**INFORMATION PROVIDED:**
■ ■ ■ ■

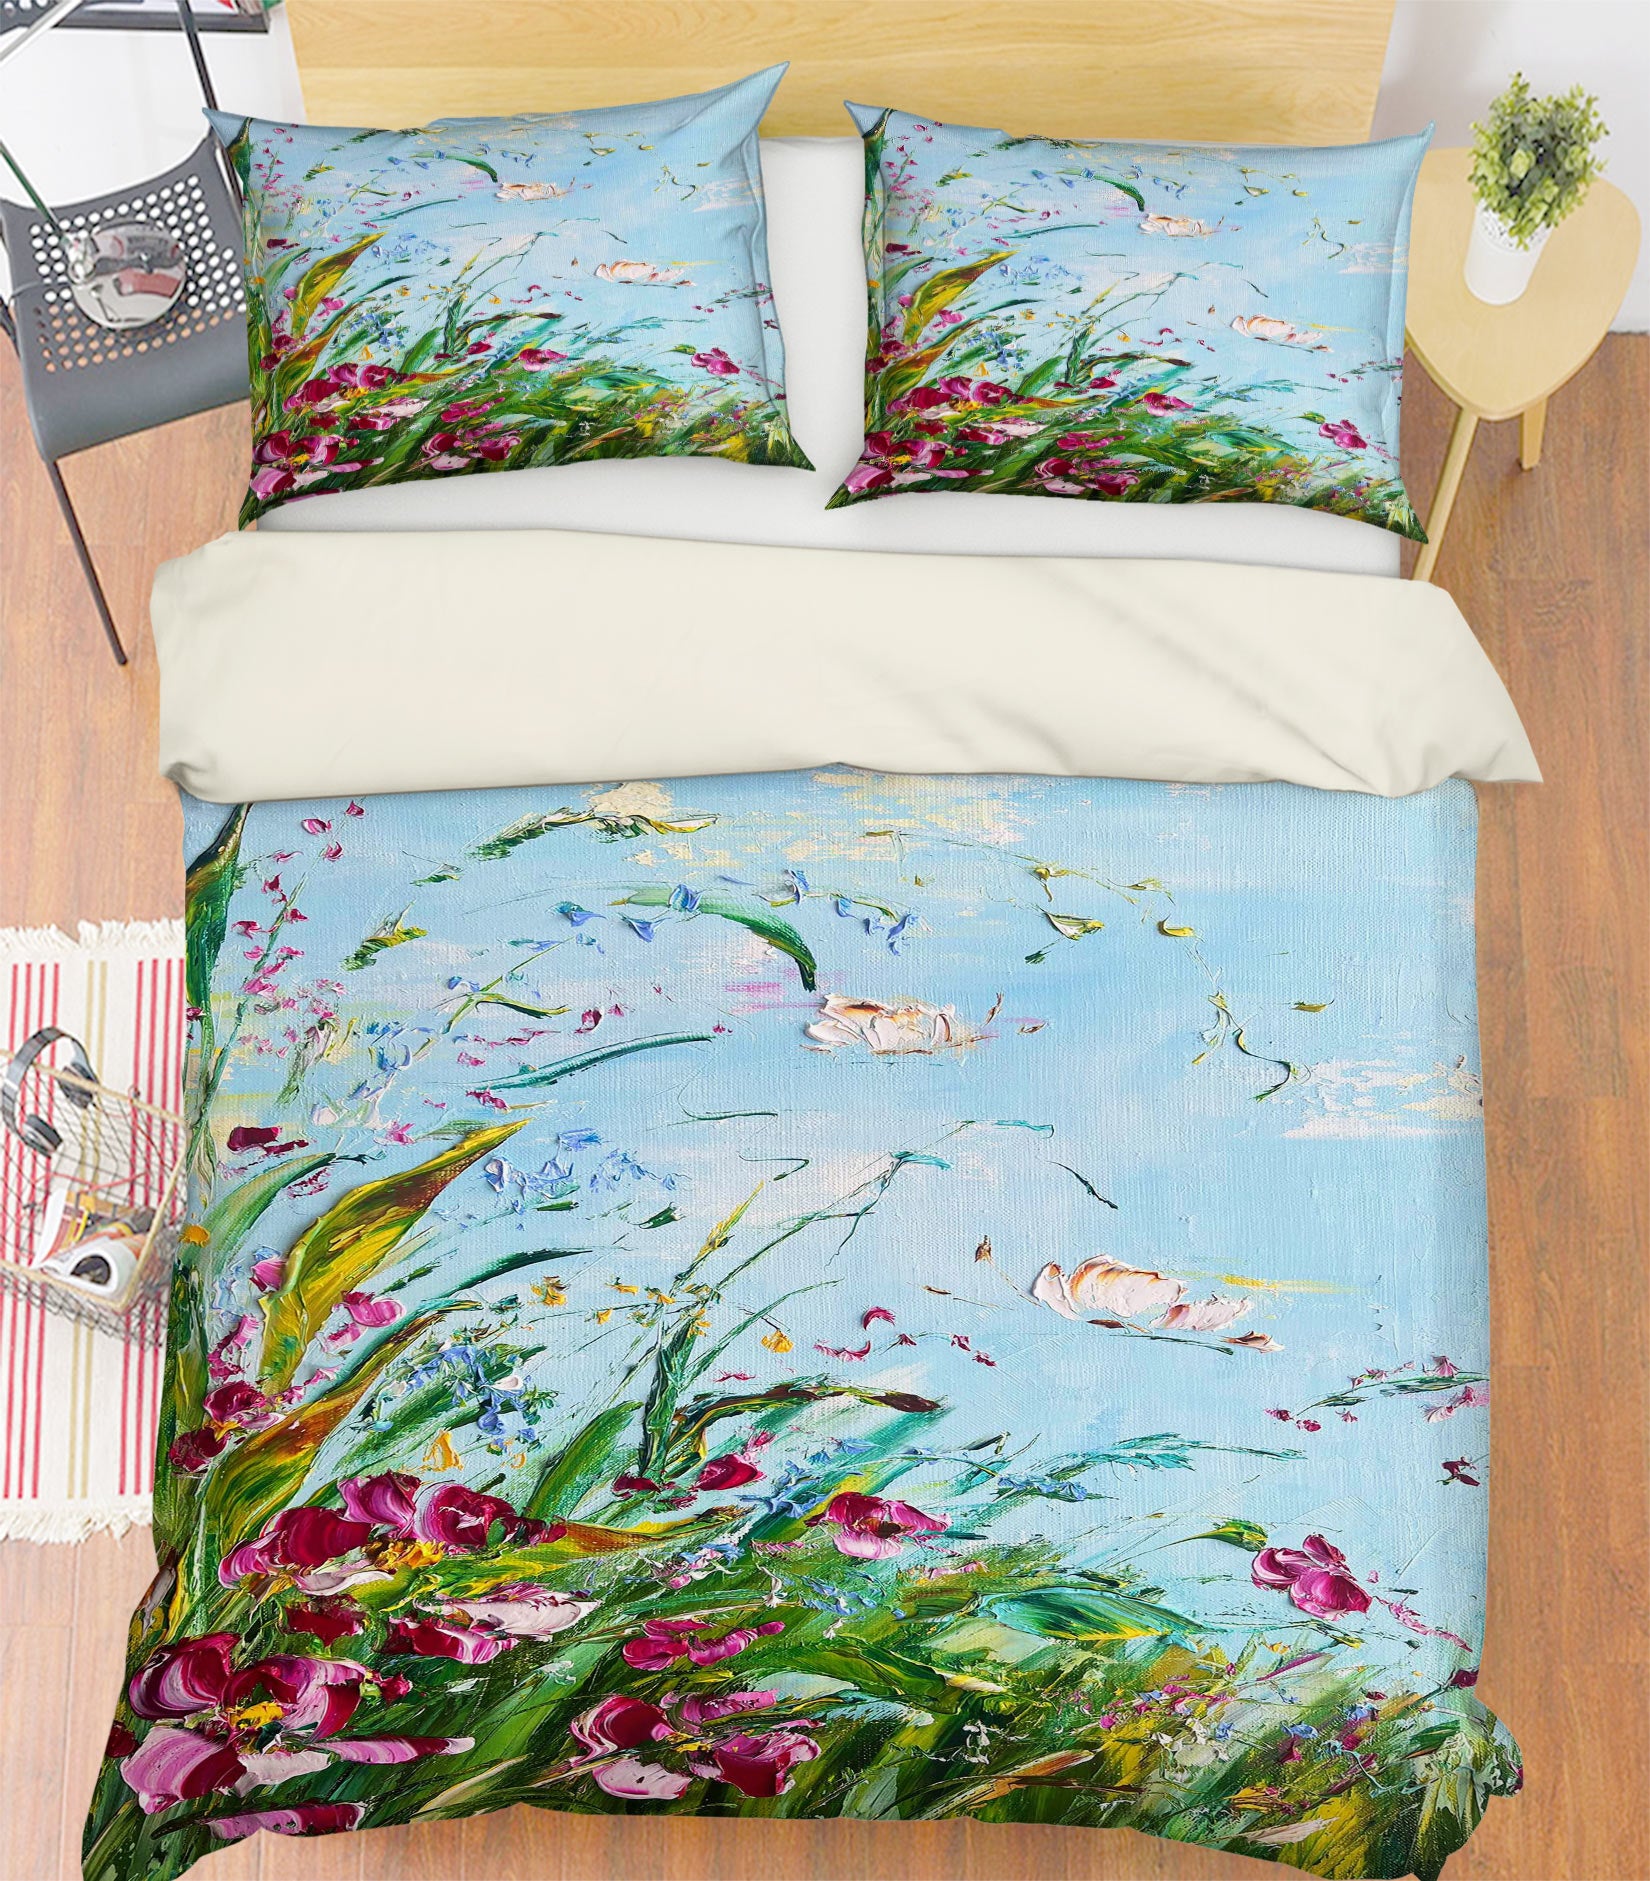 3D Garden Leaves 512 Skromova Marina Bedding Bed Pillowcases Quilt
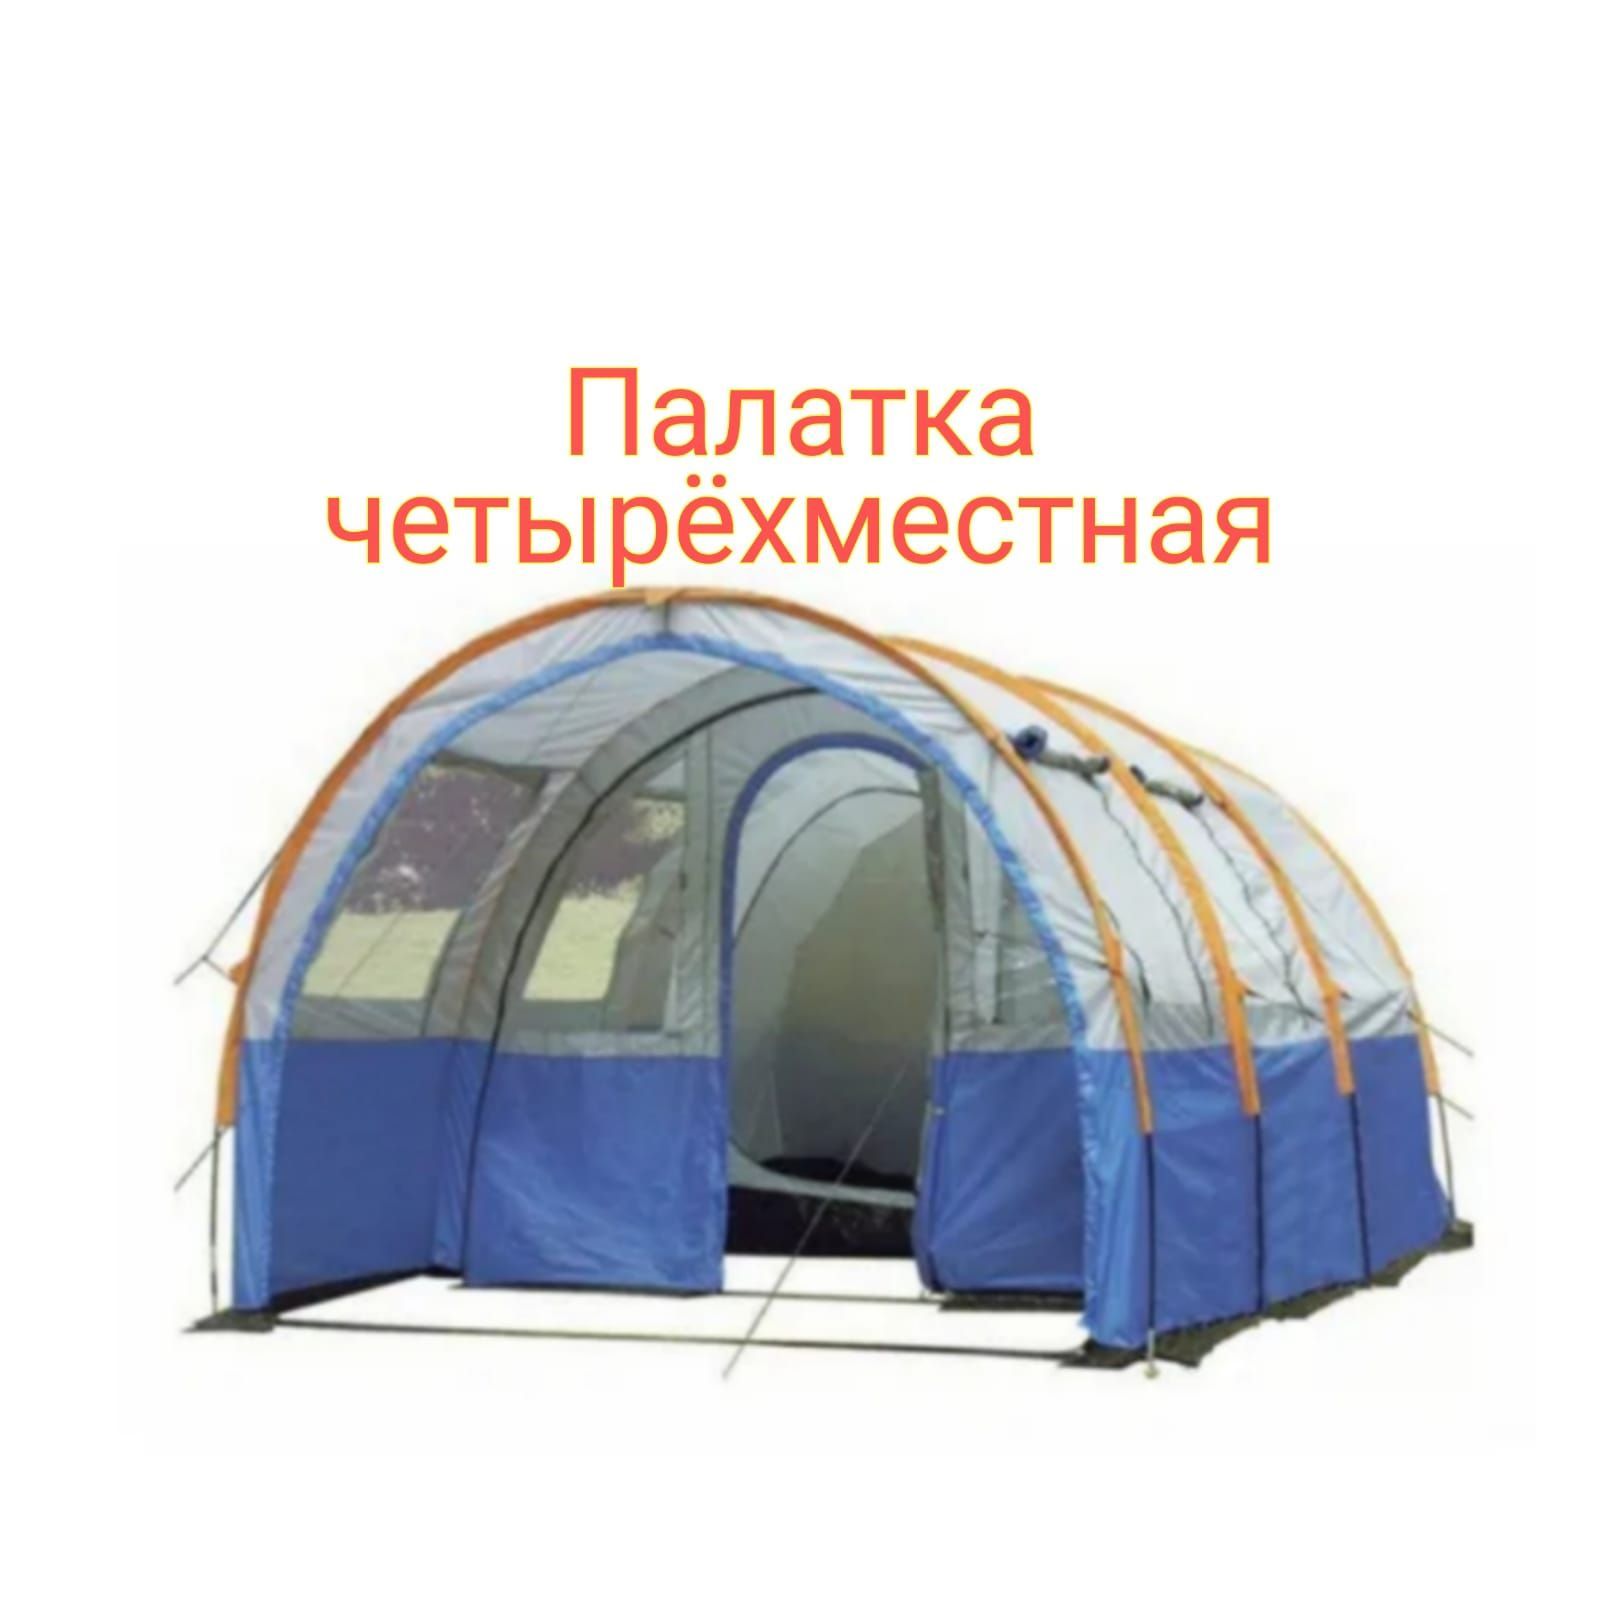 Палатка 2 х местная купить недорого. Палатка кемпинговая Lanyu ly-1801. Палатка 4-х местная ангар, Lanyu ly-1801. Палатка St-8010 - 4-местная кемпинговая. Палатка 4-х местная Lanyu 1801 260x480x200см.
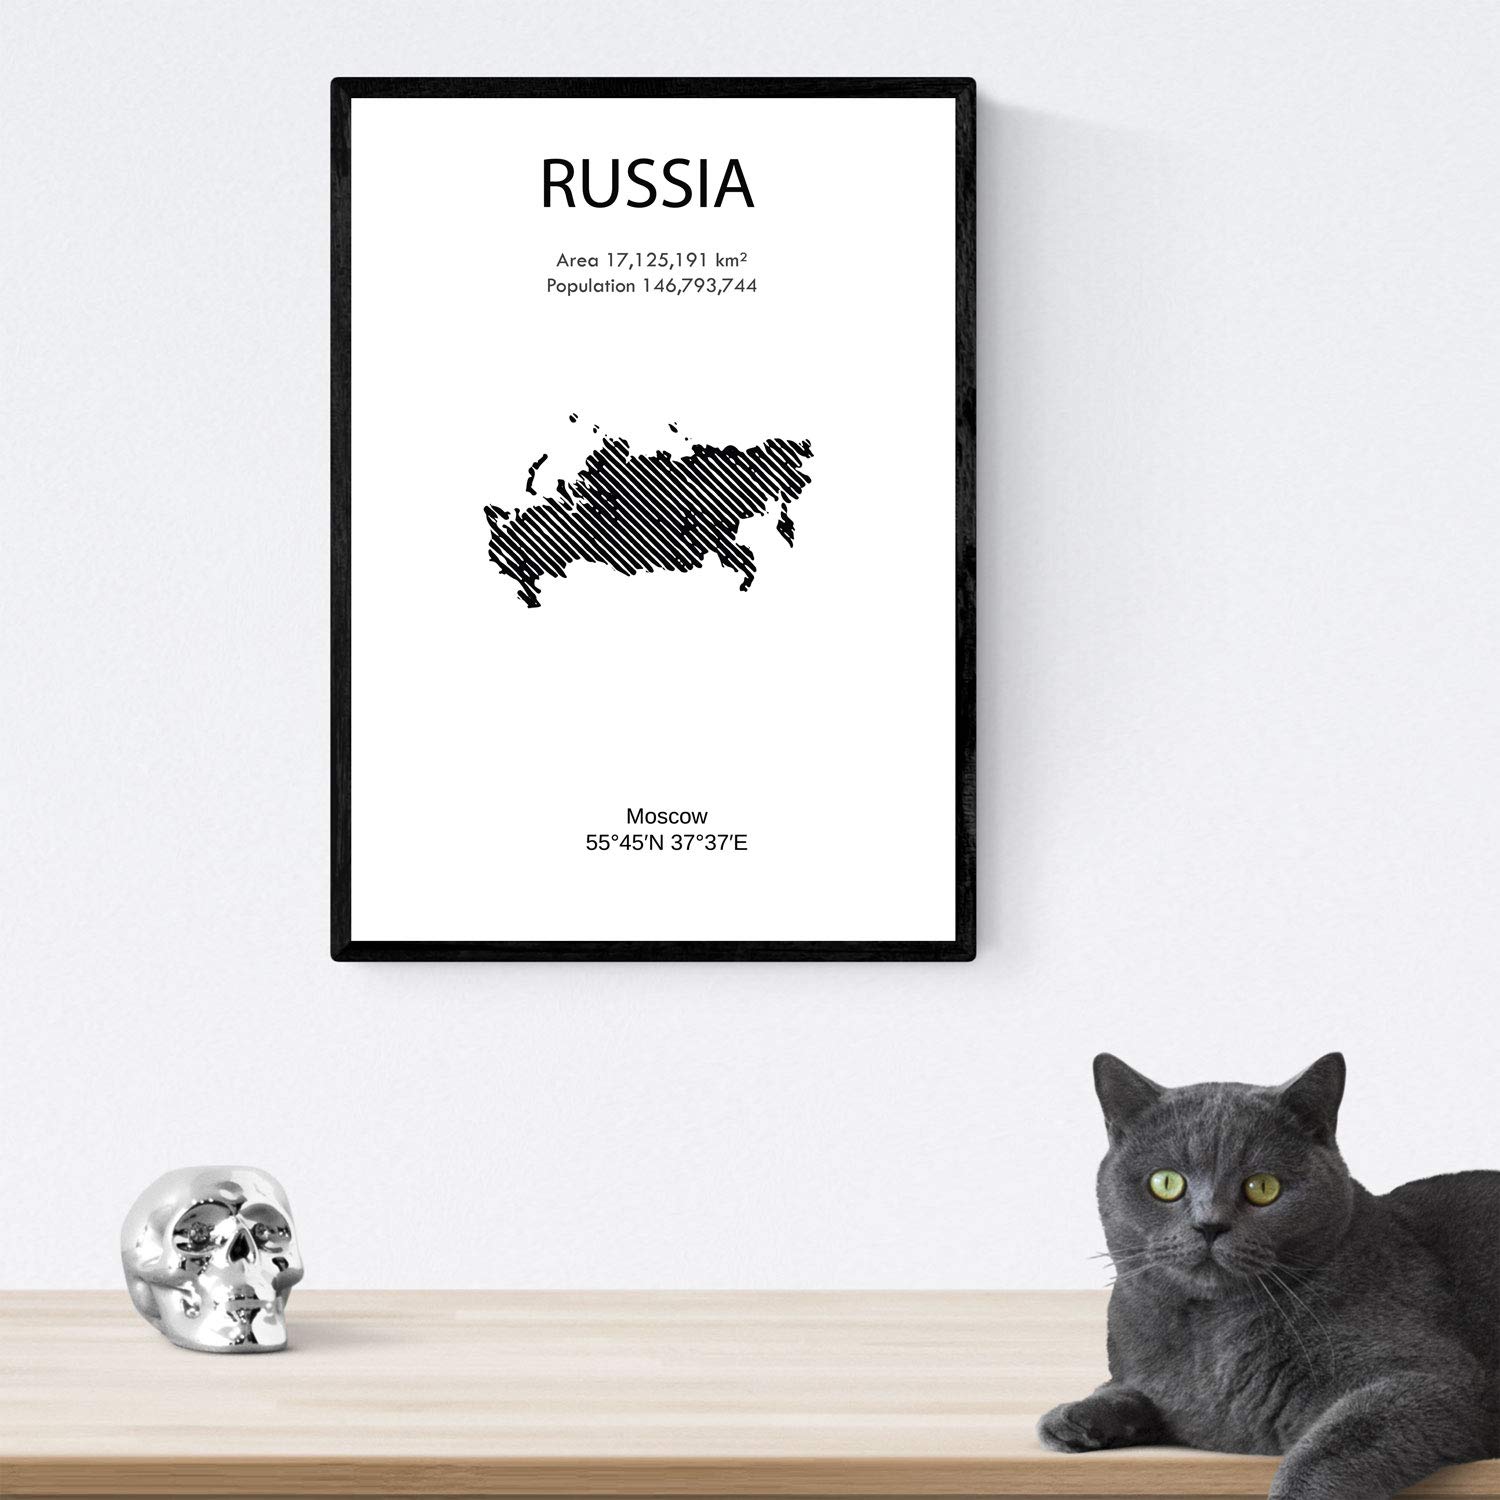 Pack de posters de paises y monumentos. Mapa ciudad de Moscu, monumento San Basilio y mapa Rusia.-Artwork-Nacnic-Nacnic Estudio SL

■ ■ ■ ■

**WHAT YOU HAVE TO DO:**
Starting where a line contains "Палатка 2 х" and finishing at the last line above, set down every line exactly as it reads, with no pictures.

**RESPONSE TO THE TASK:**
 Палатка 2 х местная купить недорого. Палатка кемпинговая Lanyu ly-1801. Палатка 4-х местная ангар, Lanyu ly-1801. Палатка St-8010 - 4-местная кемпинговая. Палатка 4-х местная Lanyu 1801 260x480x200см.
 Pack de posters de paises y monumentos. Mapa ciudad de Moscu, monumento San Basilio y mapa Rusia.-Artwork-Nacnic-Nacnic Estudio SL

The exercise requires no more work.